» SUPPLIED DATA
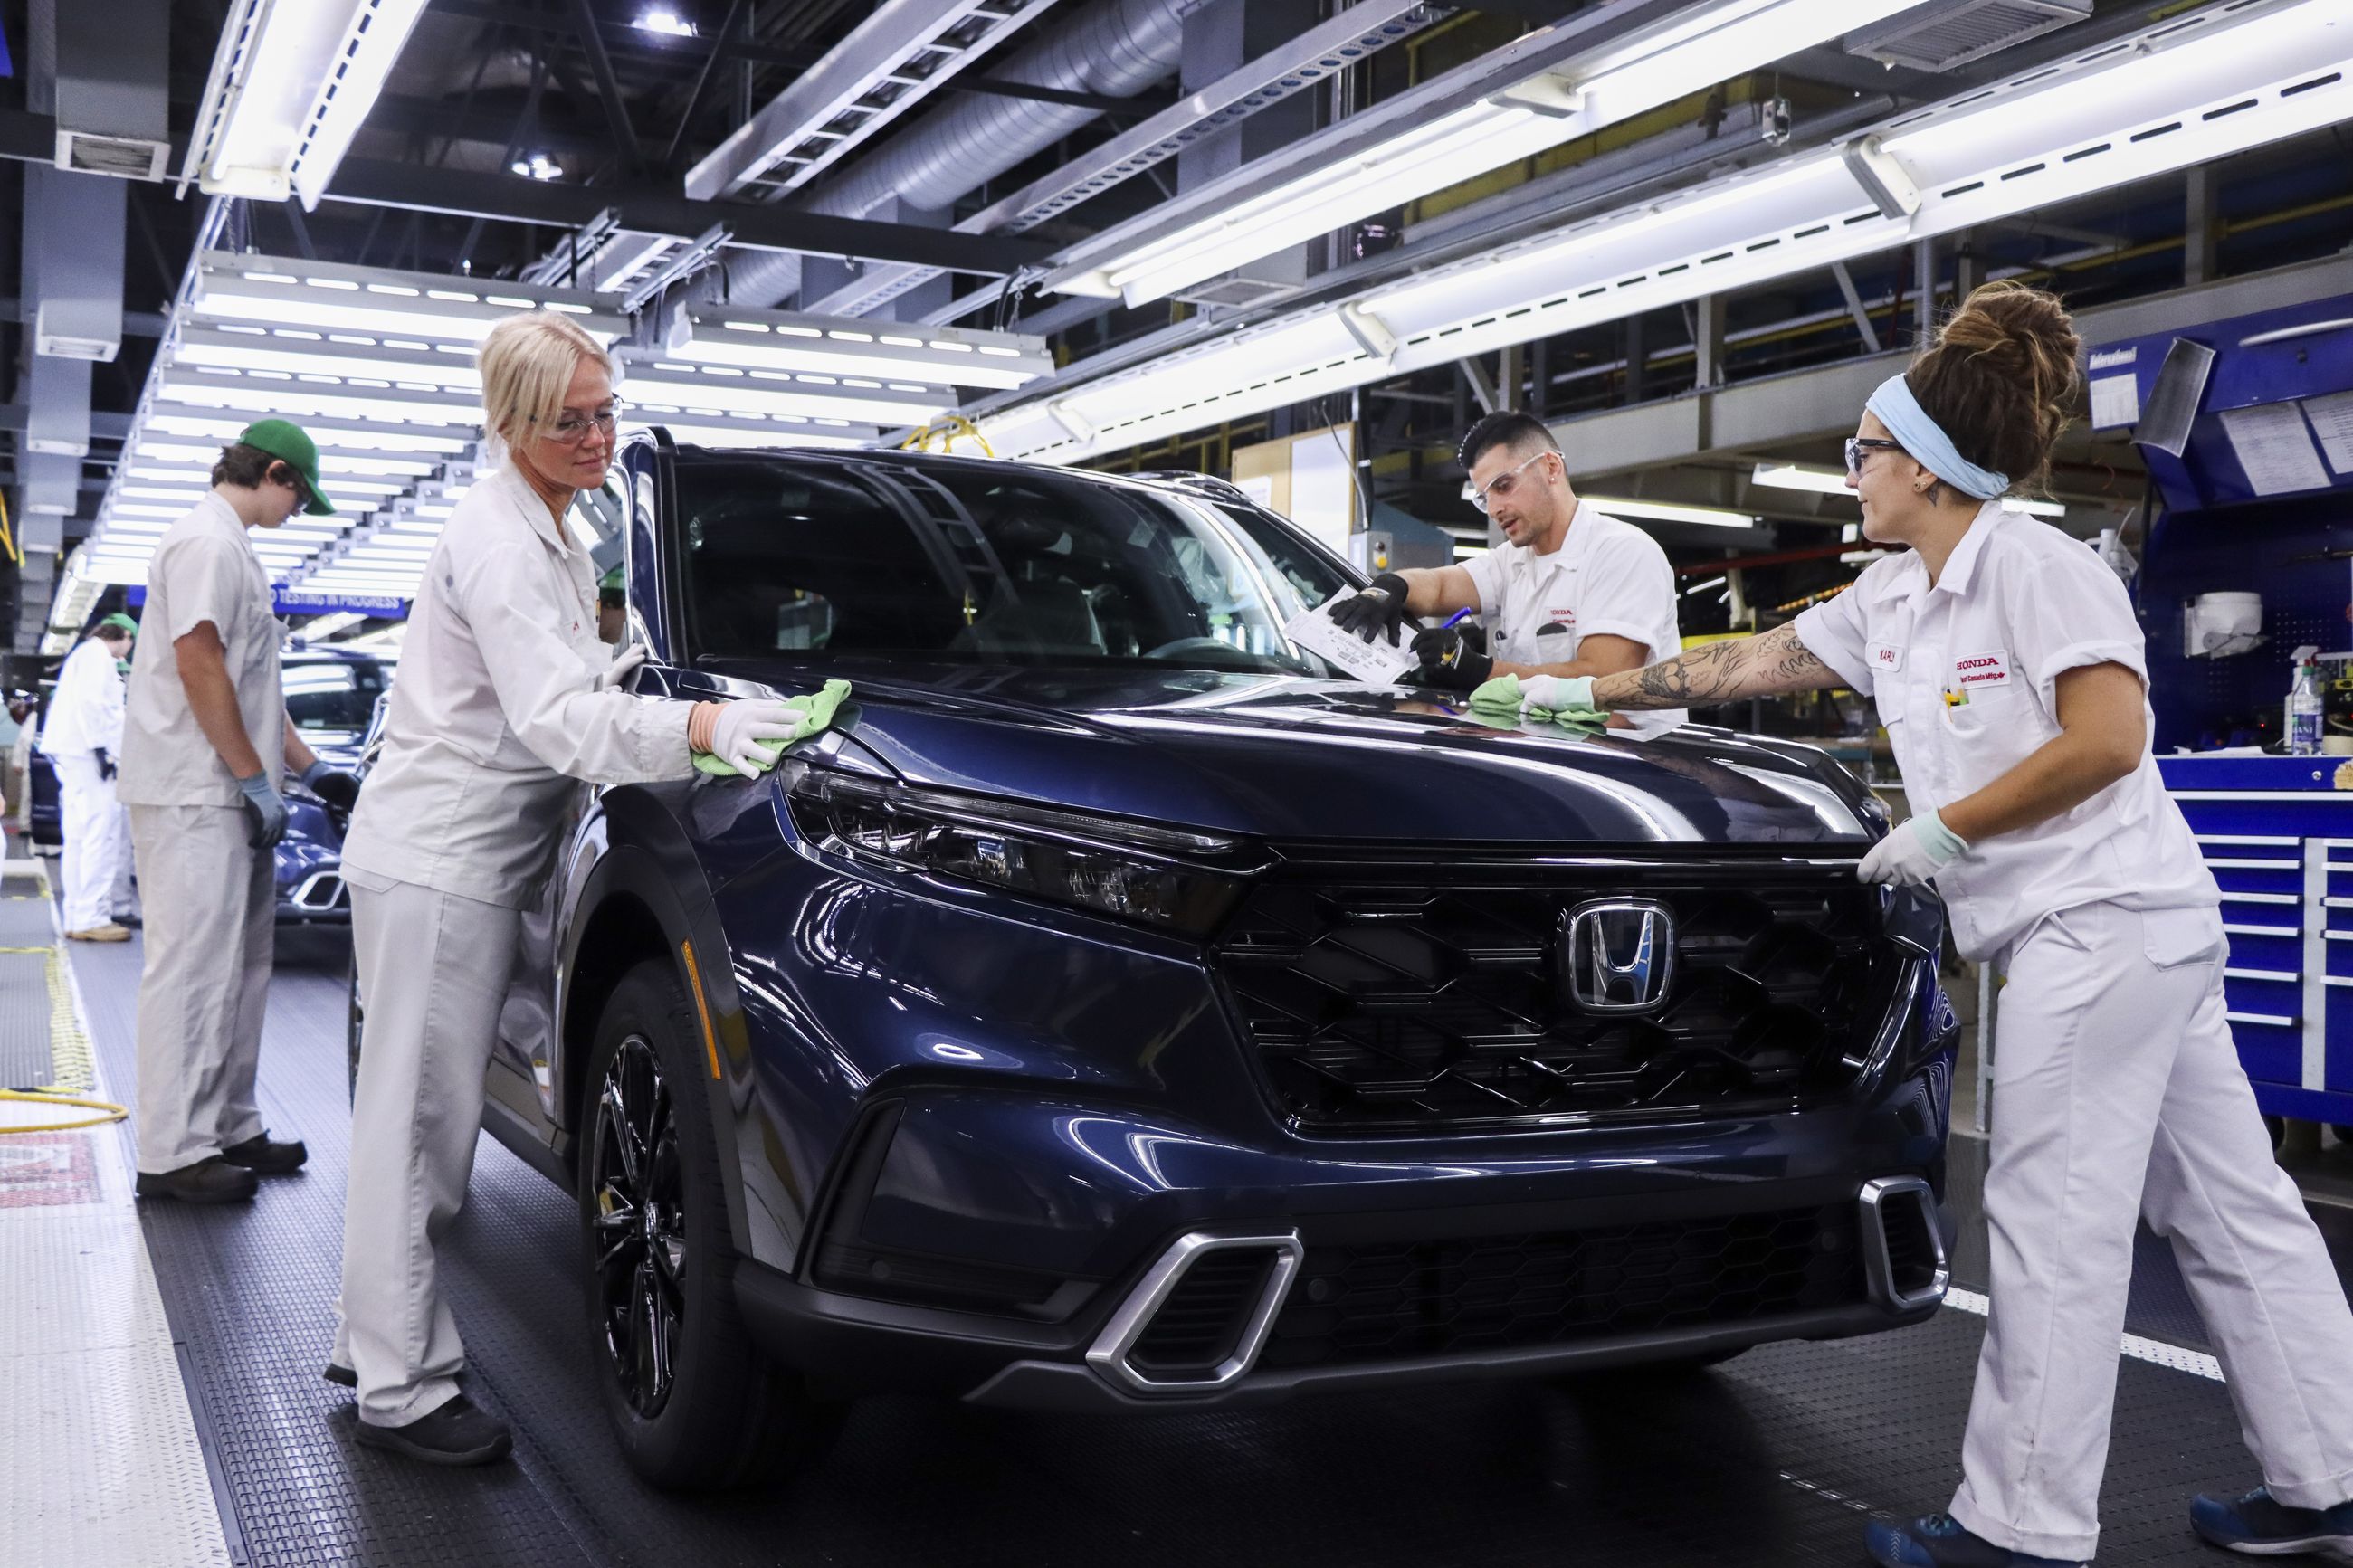 Celebrating a Huge Production Milestone Building its 10 Millionth Vehicle in Canada
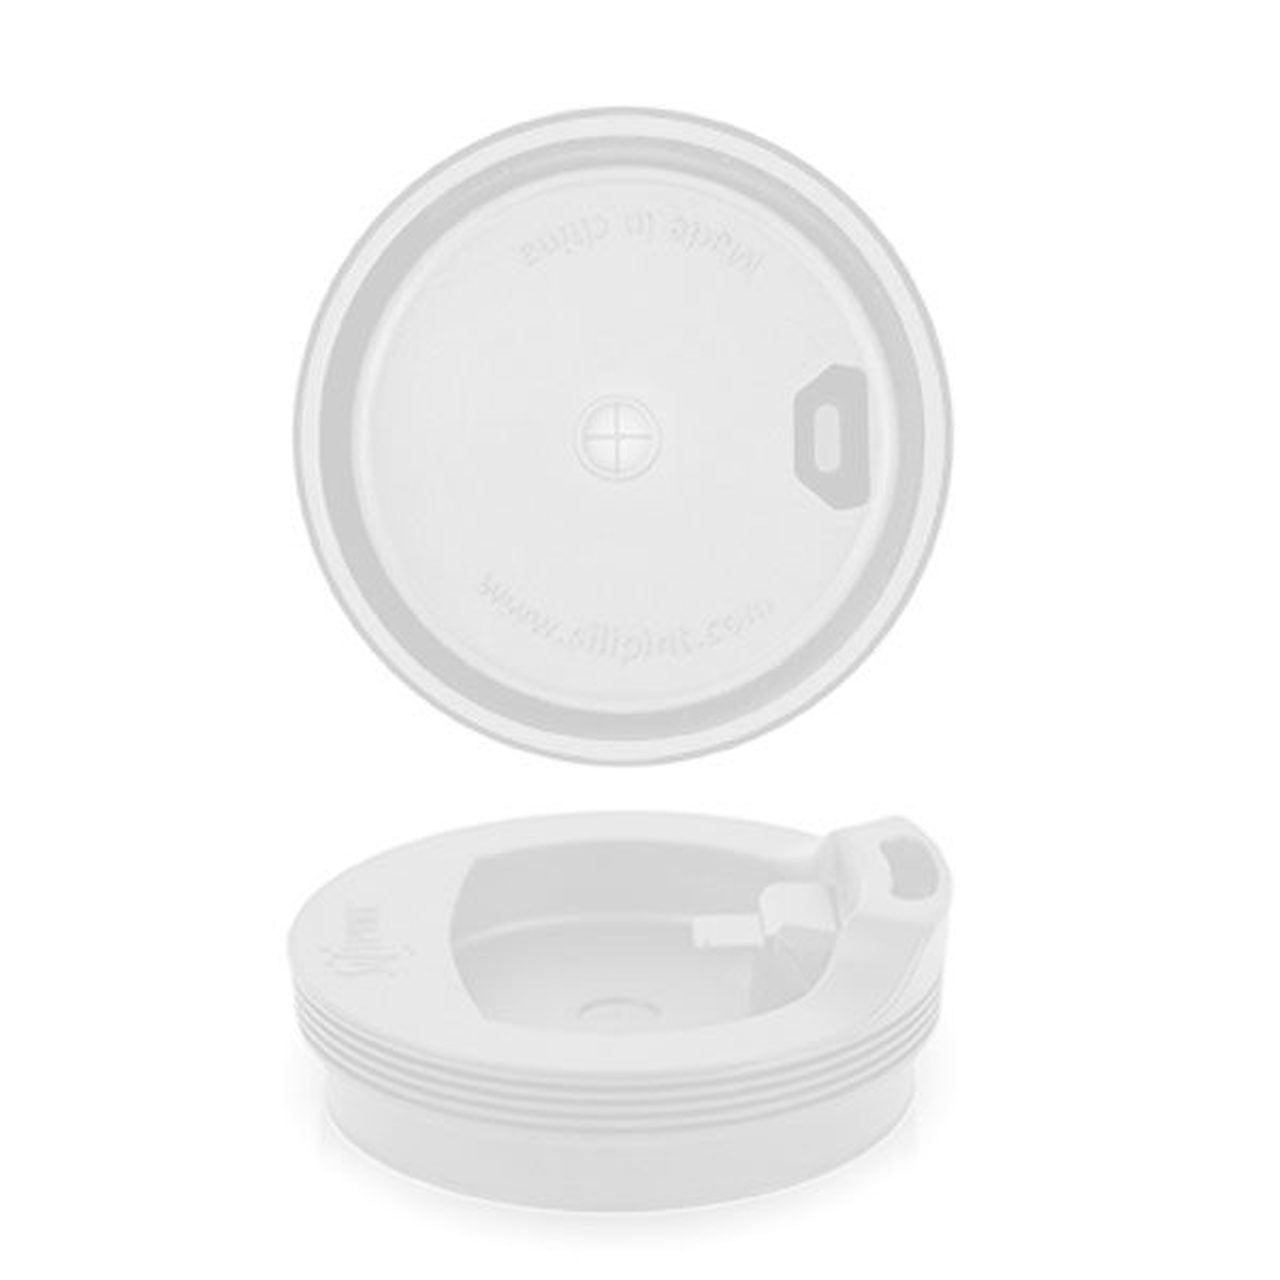 top and side view of white cup lid on white background.
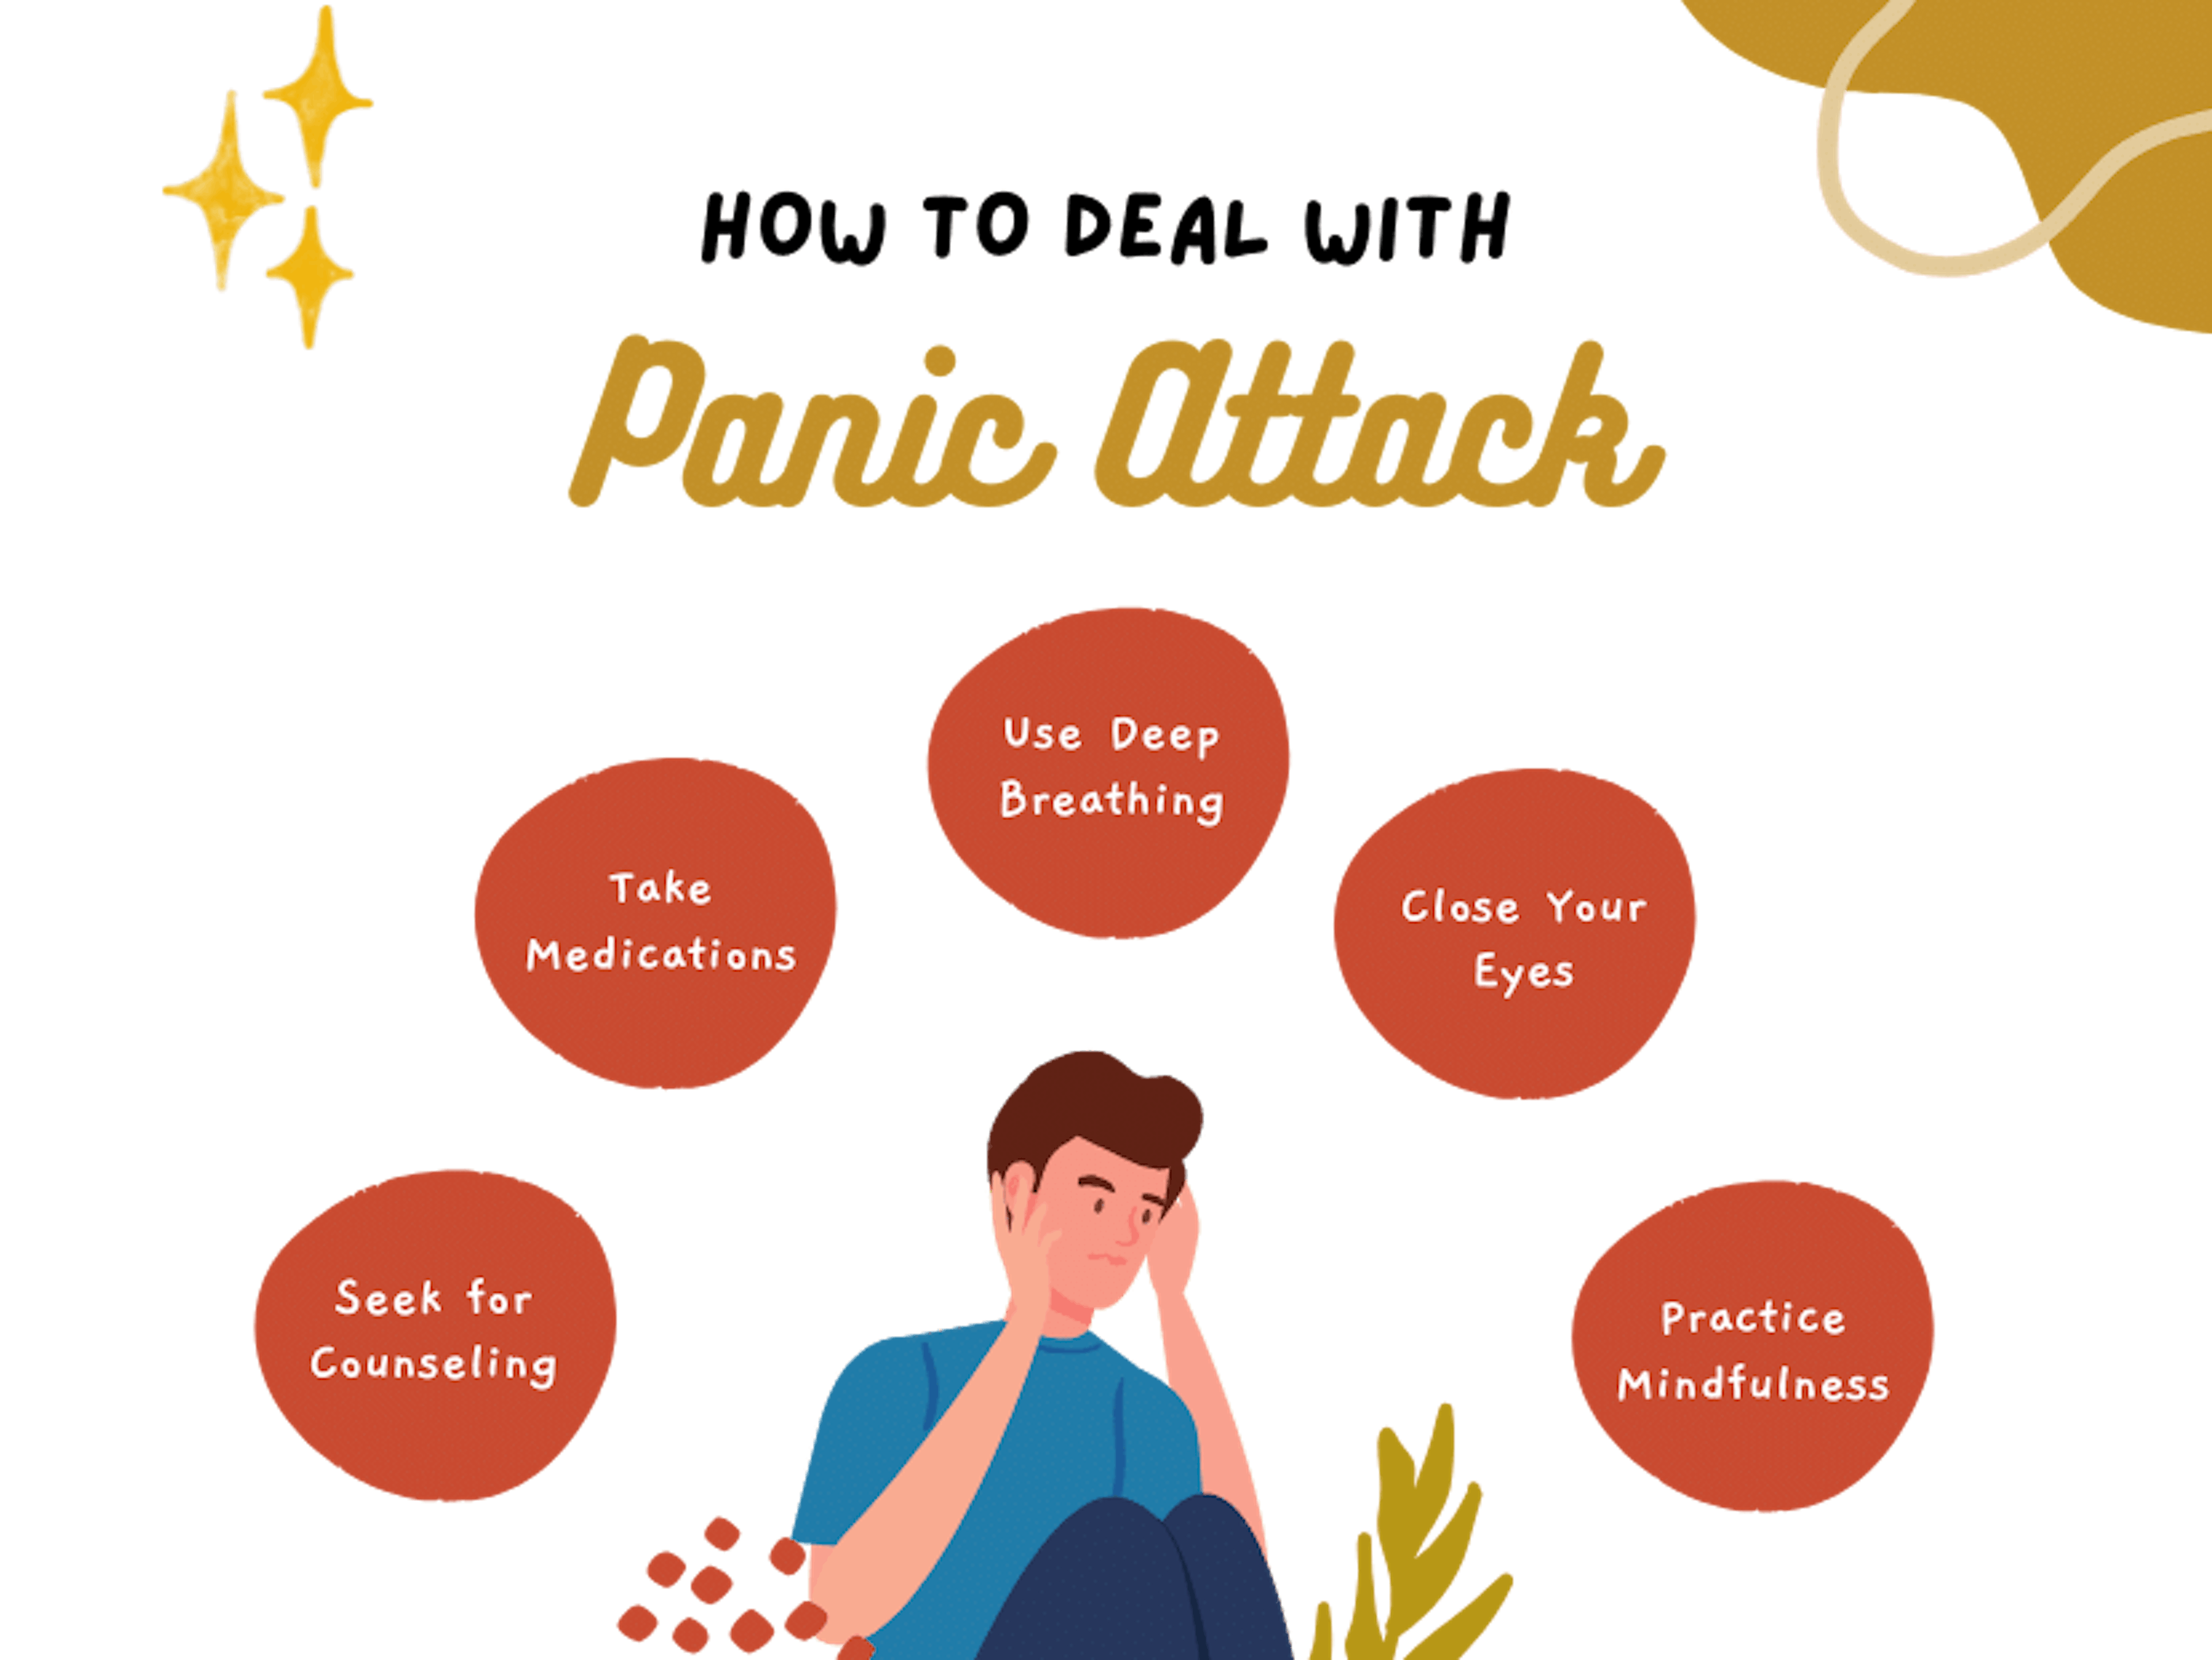 How to deal with panic attack?

» EXERCISE BRIEF
All of the material should be reproduced exactly, apart from the pictures.

» ANSWER FOR THIS EXERCISE
 Celebrating a Huge Production Milestone Building its 10 Millionth Vehicle in Canada
 top and side view of white cup lid on white background.
 How to deal with panic attack?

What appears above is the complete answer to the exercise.